- Opening Delimiter -
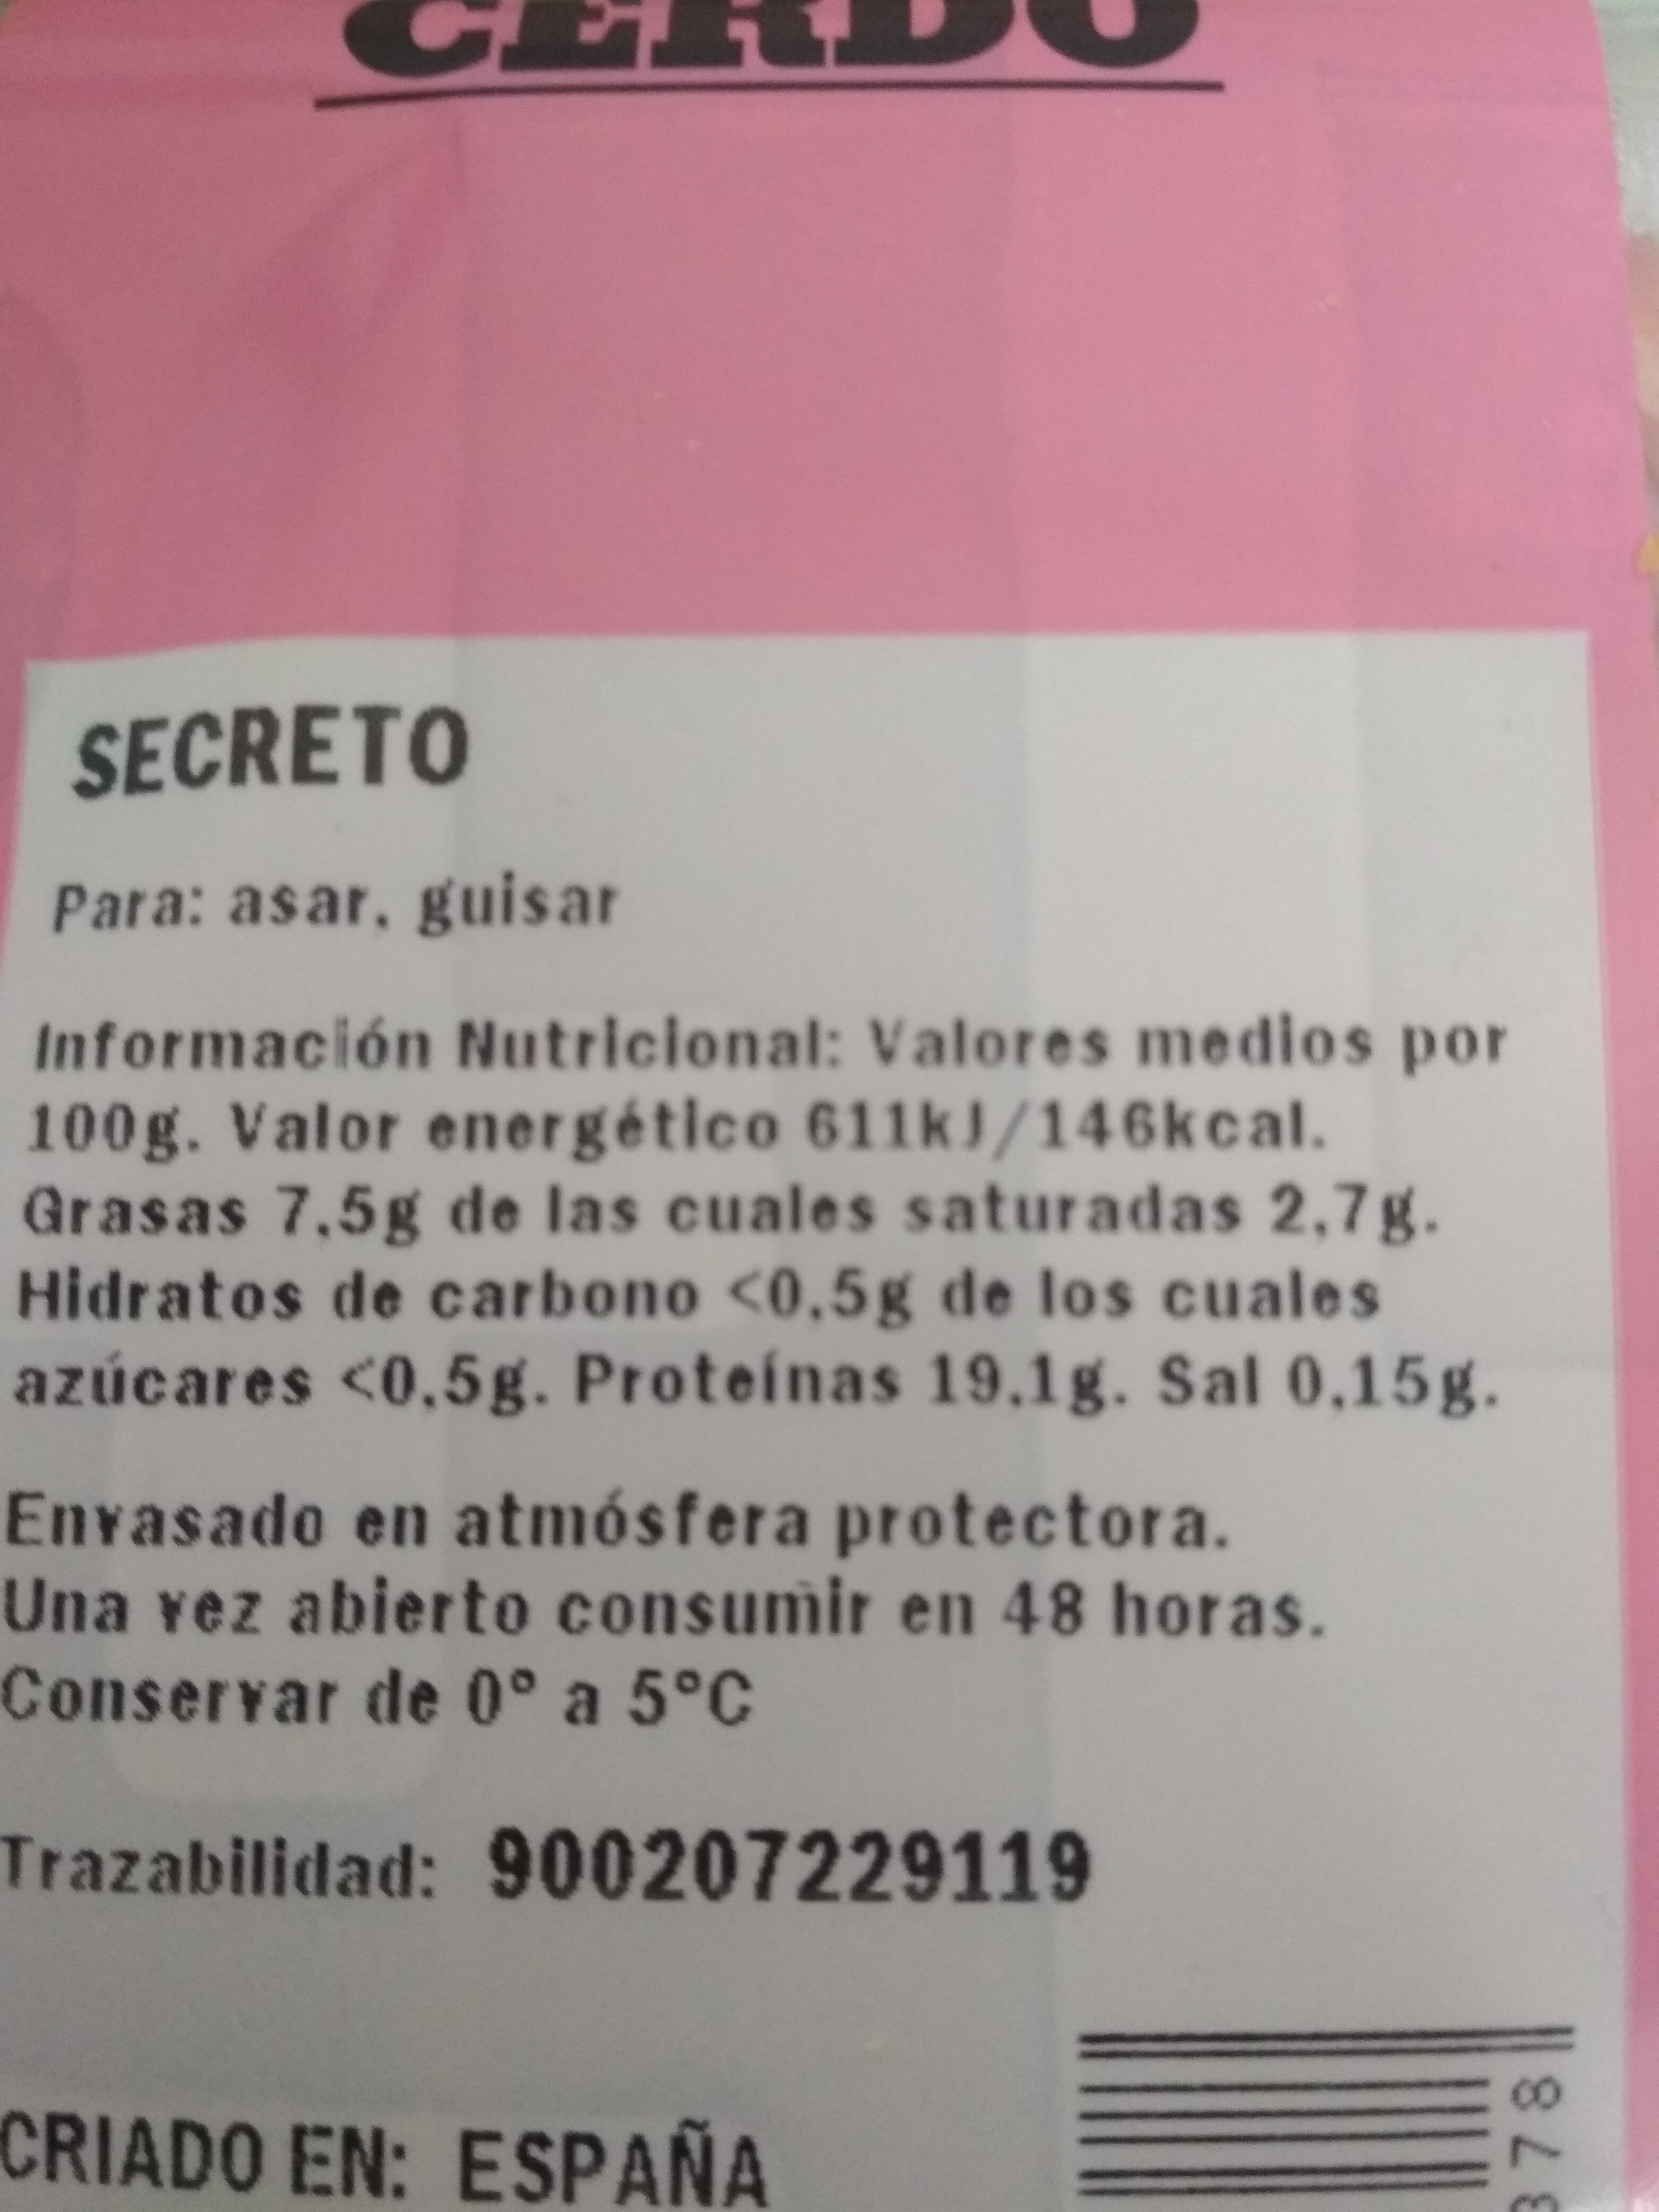 Secreto - Nutrition facts
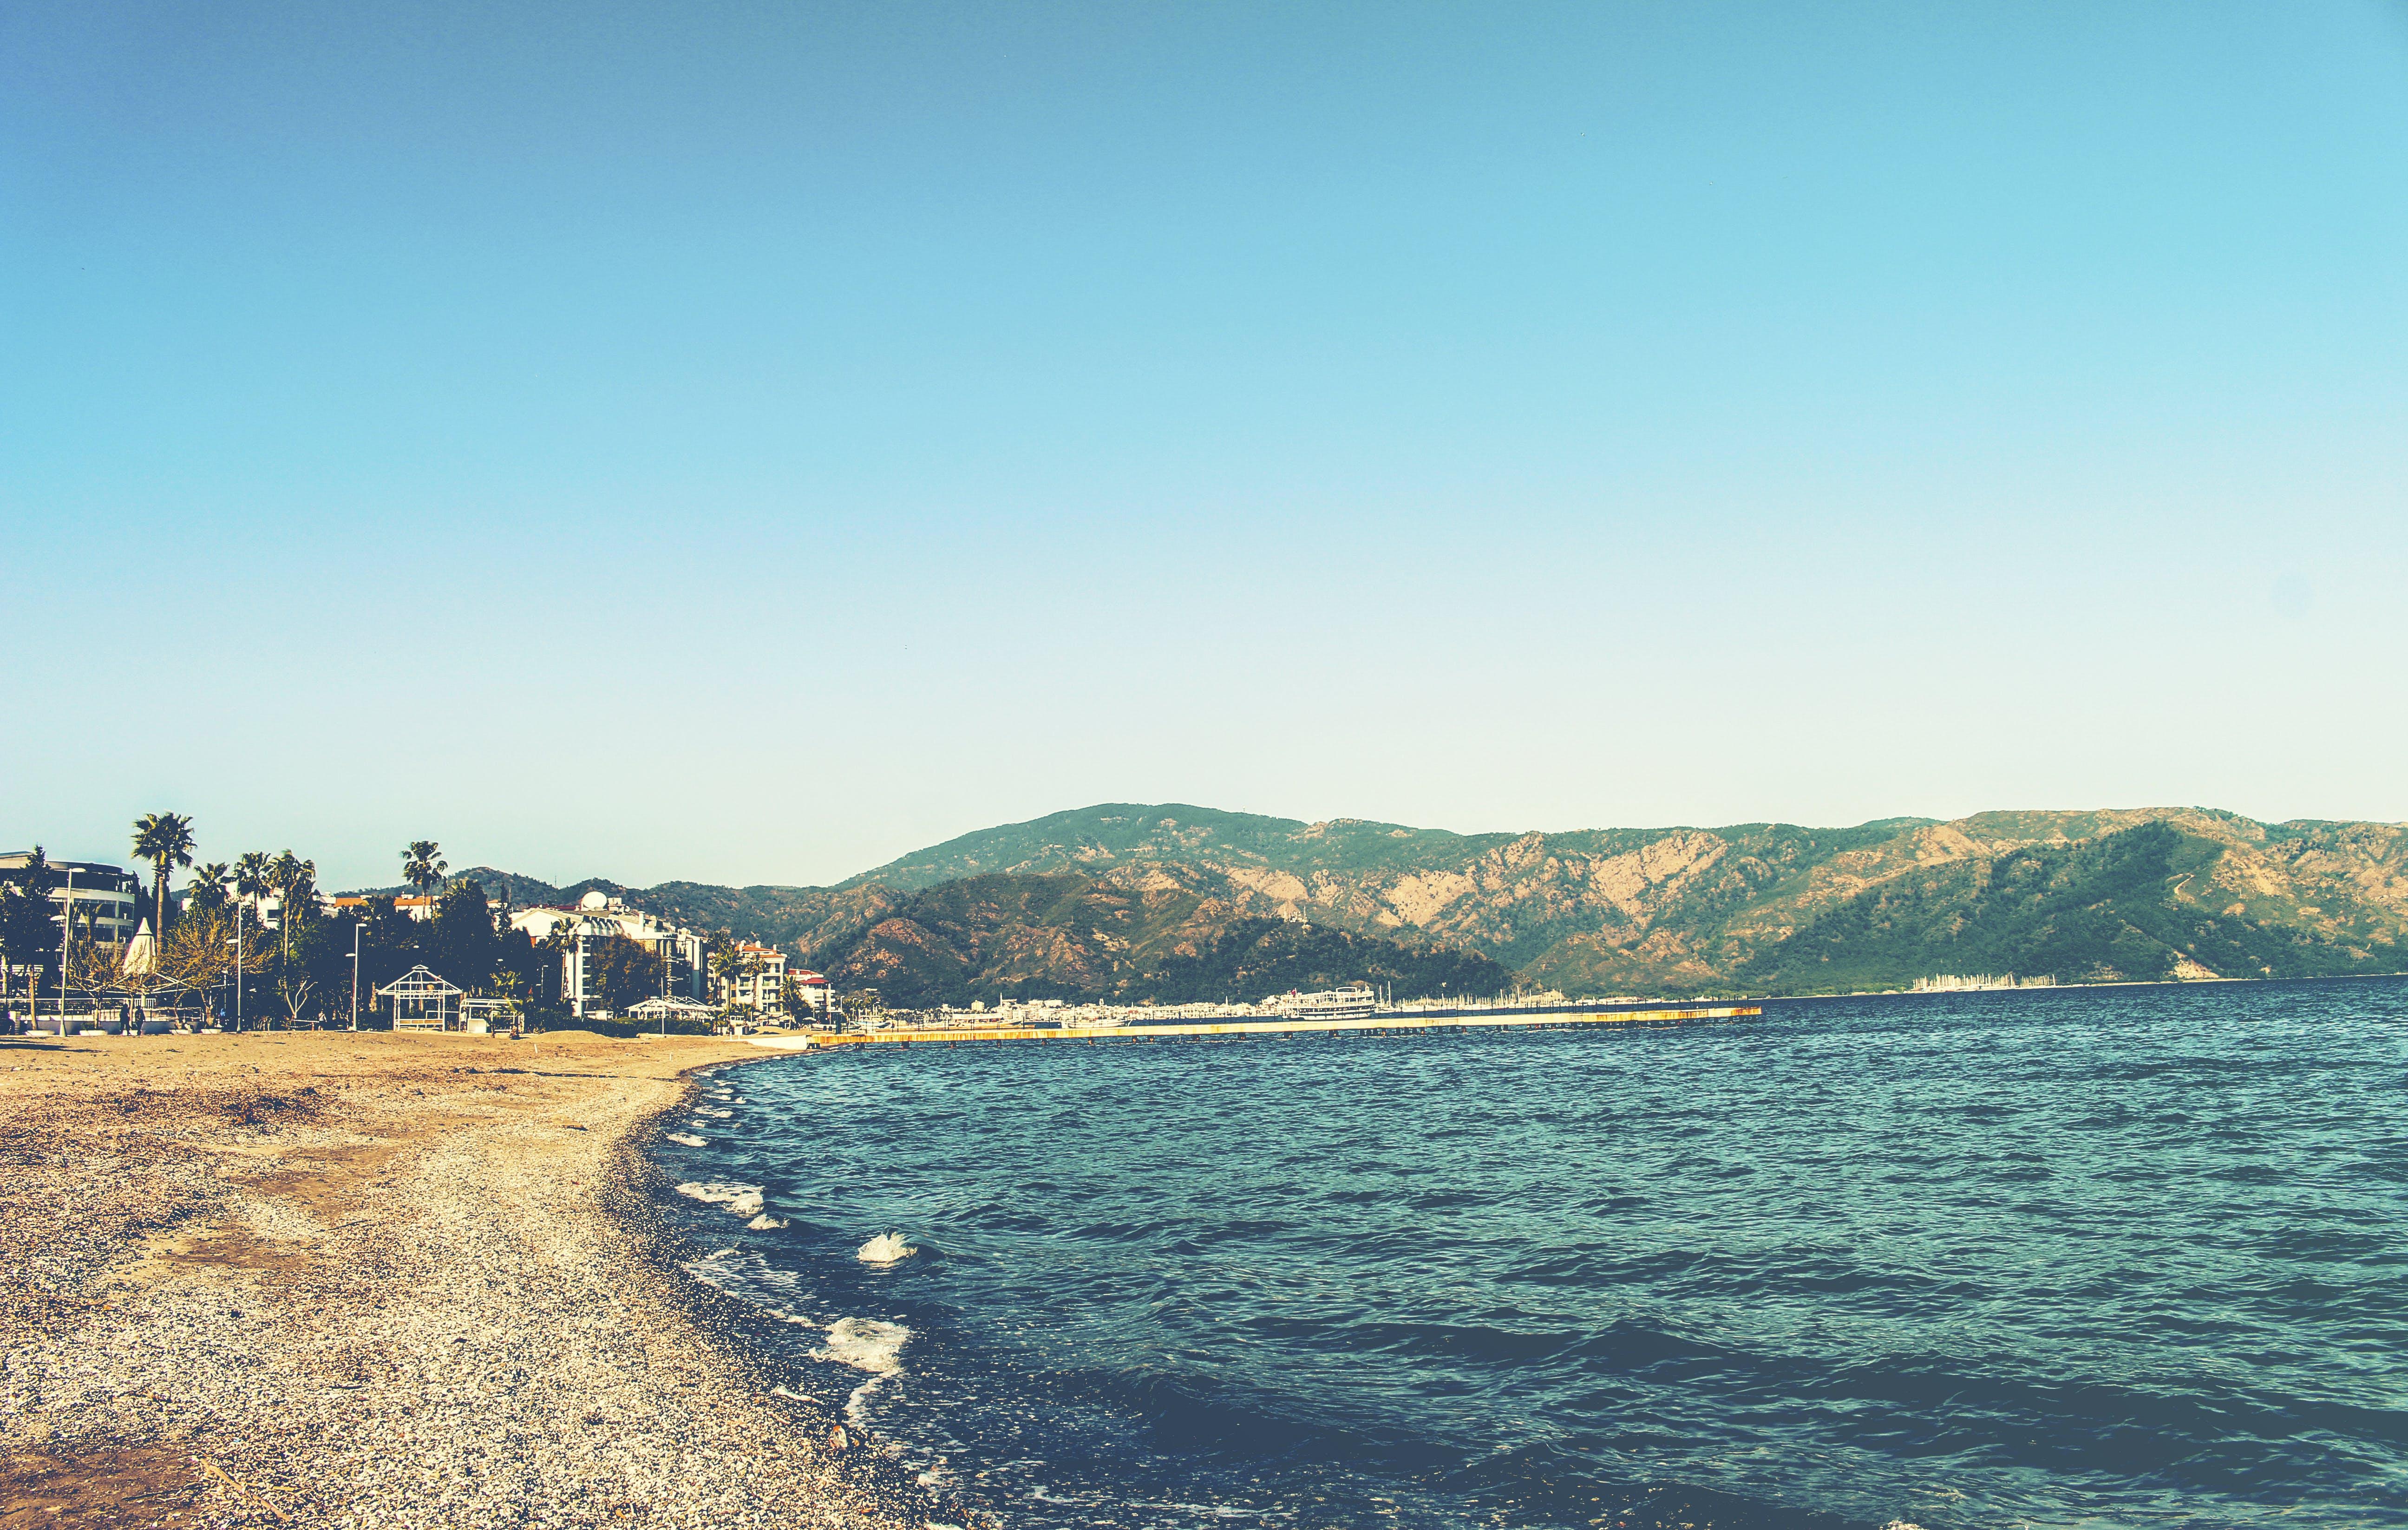 Seashore and Sea
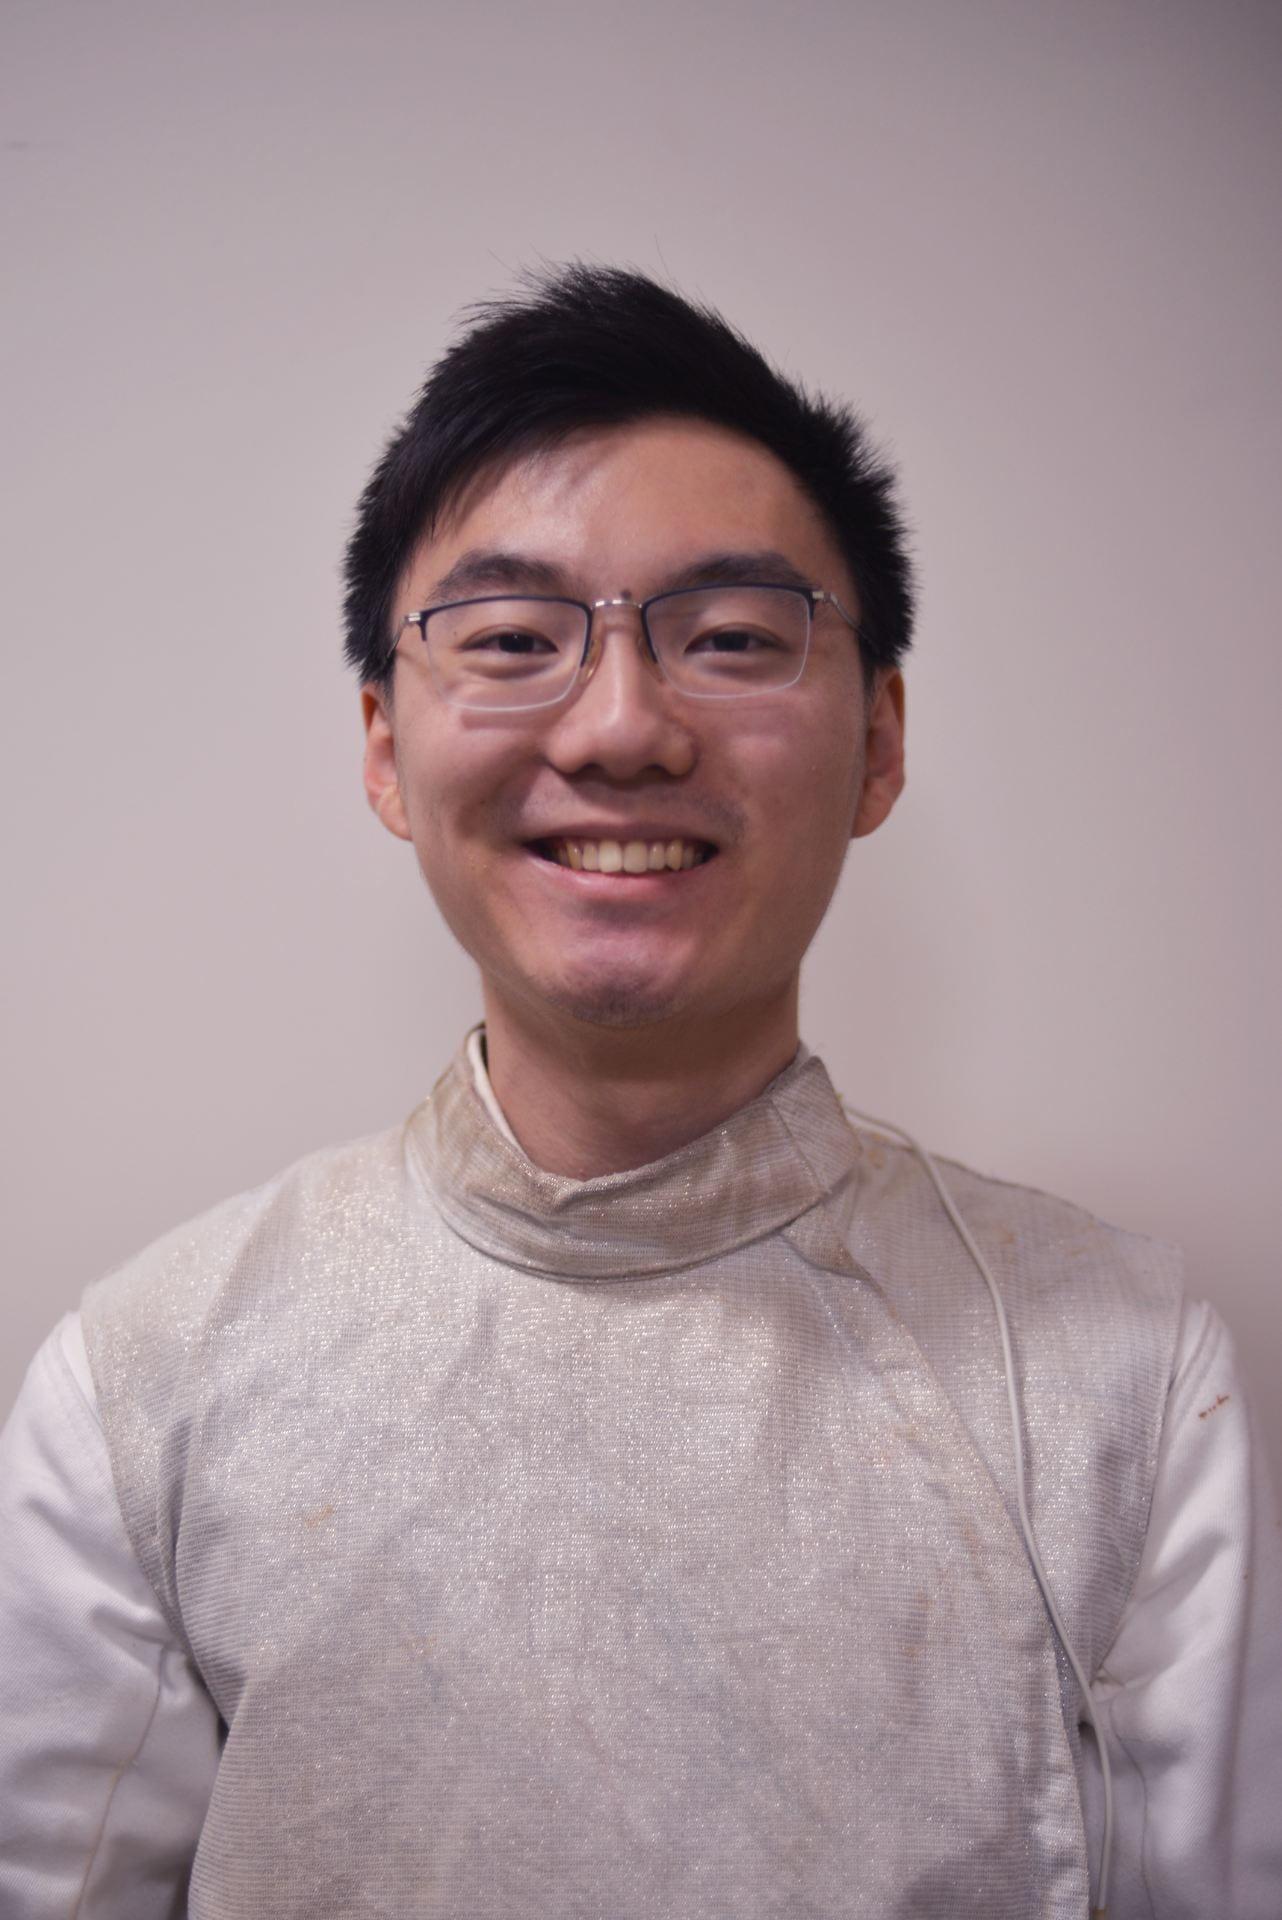 Raymond Hsu
- Closing Delimiter -
# WORK TO BE COMPLETED
Nothing but an exact transcription of the material, without pictures, should be returned.

# RESPONSE BOX
 Secreto - Nutrition facts
 Seashore and Sea
 Raymond Hsu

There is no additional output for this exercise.